Designing for the future

David’s long term plan is to have the Data Guild become the engine for solving many of these problems at scale and having a true impact on the world.  Today they have the prototyping capability with lots of problems currently being tackled.

For Chris, the foundation of the Guild is the community. Within 5 years time he wants to continue to nurture a tribe of people trying to make a difference in climate change, health care, energy etc.

There are many questions about the application of the technologies and their implications.  As per Chris,

We need more people who are mindful of those implications and be willing to say no to certain applications of the technology… The arms-race mentality is dangerous: If we don’t build it, someone else will.

We need to be more empathic to the broader concerns and how technology may help. More importantly, the best way we may help is NOT to intervene. Building a tribe that believes that can make a significant difference in the world.
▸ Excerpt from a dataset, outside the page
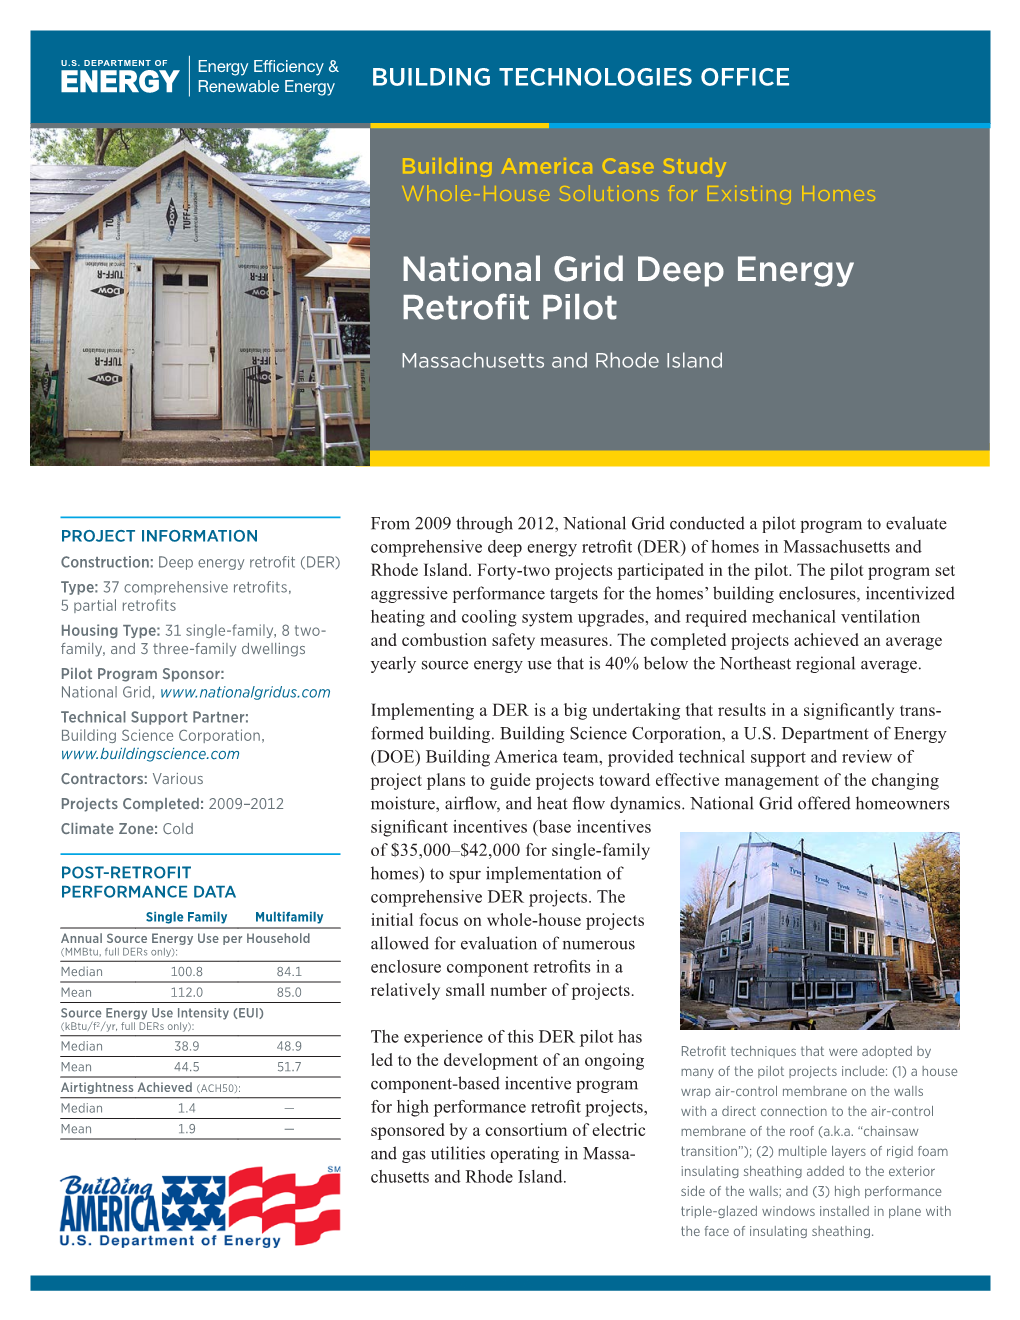 National Grid Deep Energy Retrofit Pilot
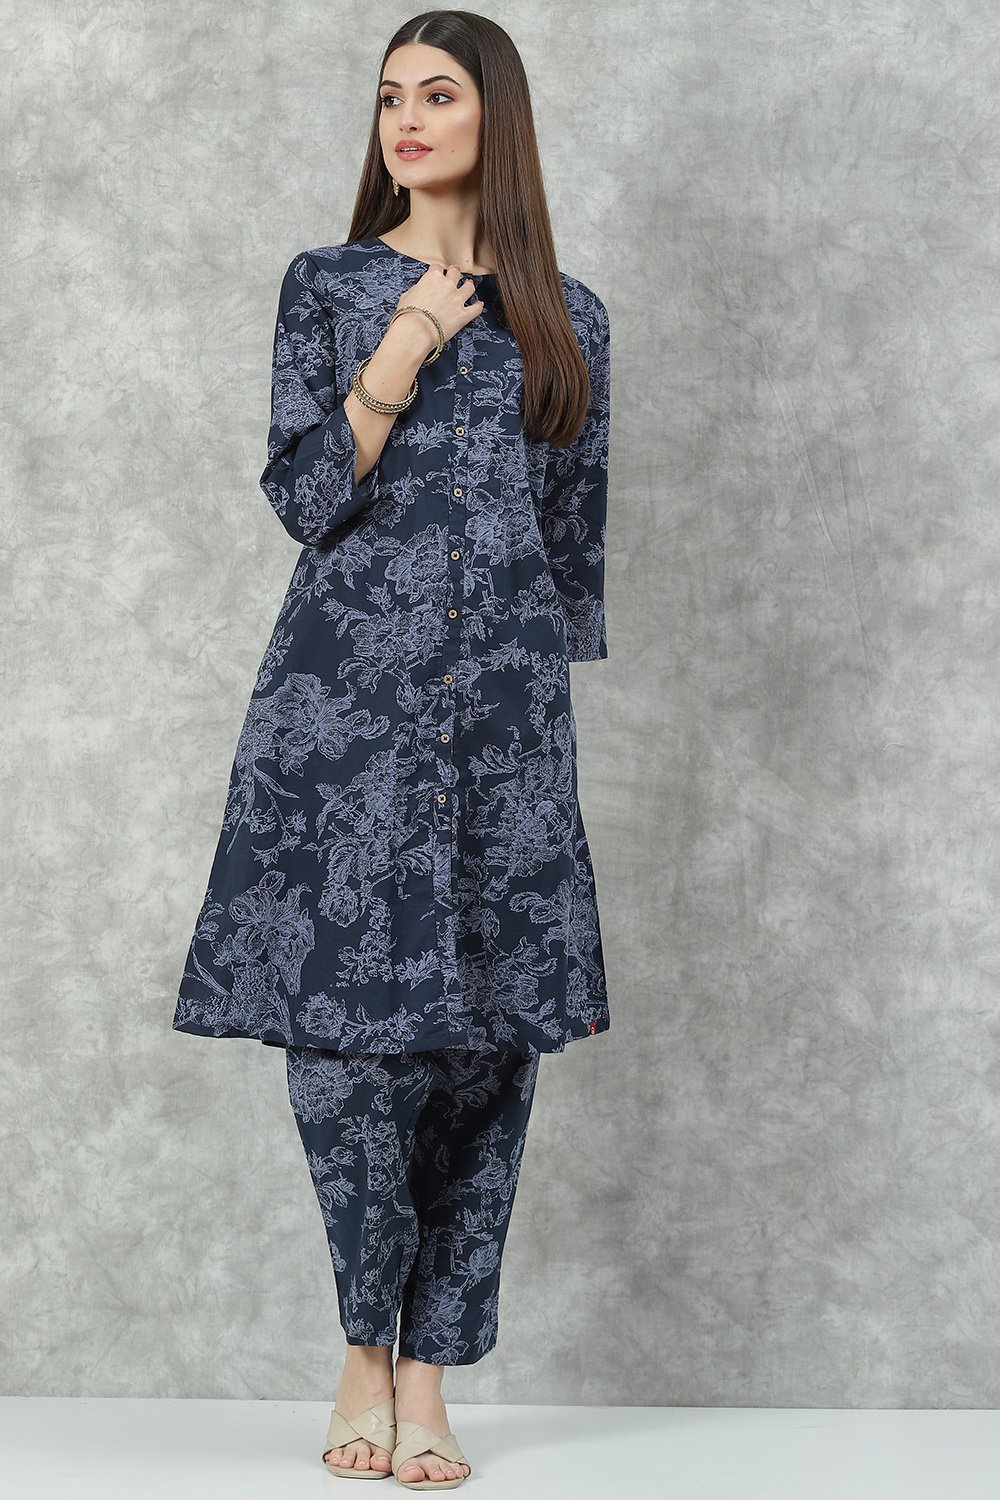 Buy online Indigo Rayon Straight Kurta Palazzo Suit Set for womens ...

About David Gutelius: Dave previously drove the data science and technology innovation at Jive Software as a Chief social scientist. He also founded Proximal Labs (a machine learning company) which was acquired by Jive. David also cofounded the Social Computing Group and while there, he worked with client, DARPA (the emerging technology arm of the US Dept of Defence) on one of the largest machine learning projects in US Govt history called CALO. 

About Chris Diehl: Chris has extensive experience defining and developing analytics for different sense making and prediction tasks. Chris was also the principle scientist at Jive Software, designing and developing advanced analytics for social enterprise and online community health assessment. Prior to that he spent 10 years at John Hoppkins’ University physics lab developing machine learning approaches for Department of Defence and intelligence community.

About Humanity in Data: Data isn’t only a story of numbers … or information … or insight. We forget, it is also about the people who interpret that data. Looking for Humanity in Data seeks to explain the ways in which behavioral data represents the mind and emotions of those who generate it. We do this by engaging with data science specialists and practitioners in this space. Our purpose is to translate from the scientific to the every day impact of technology on the individual. We’ll discuss topics about information collection, privacy and governance, increased contextualization and what is at stake for everyone.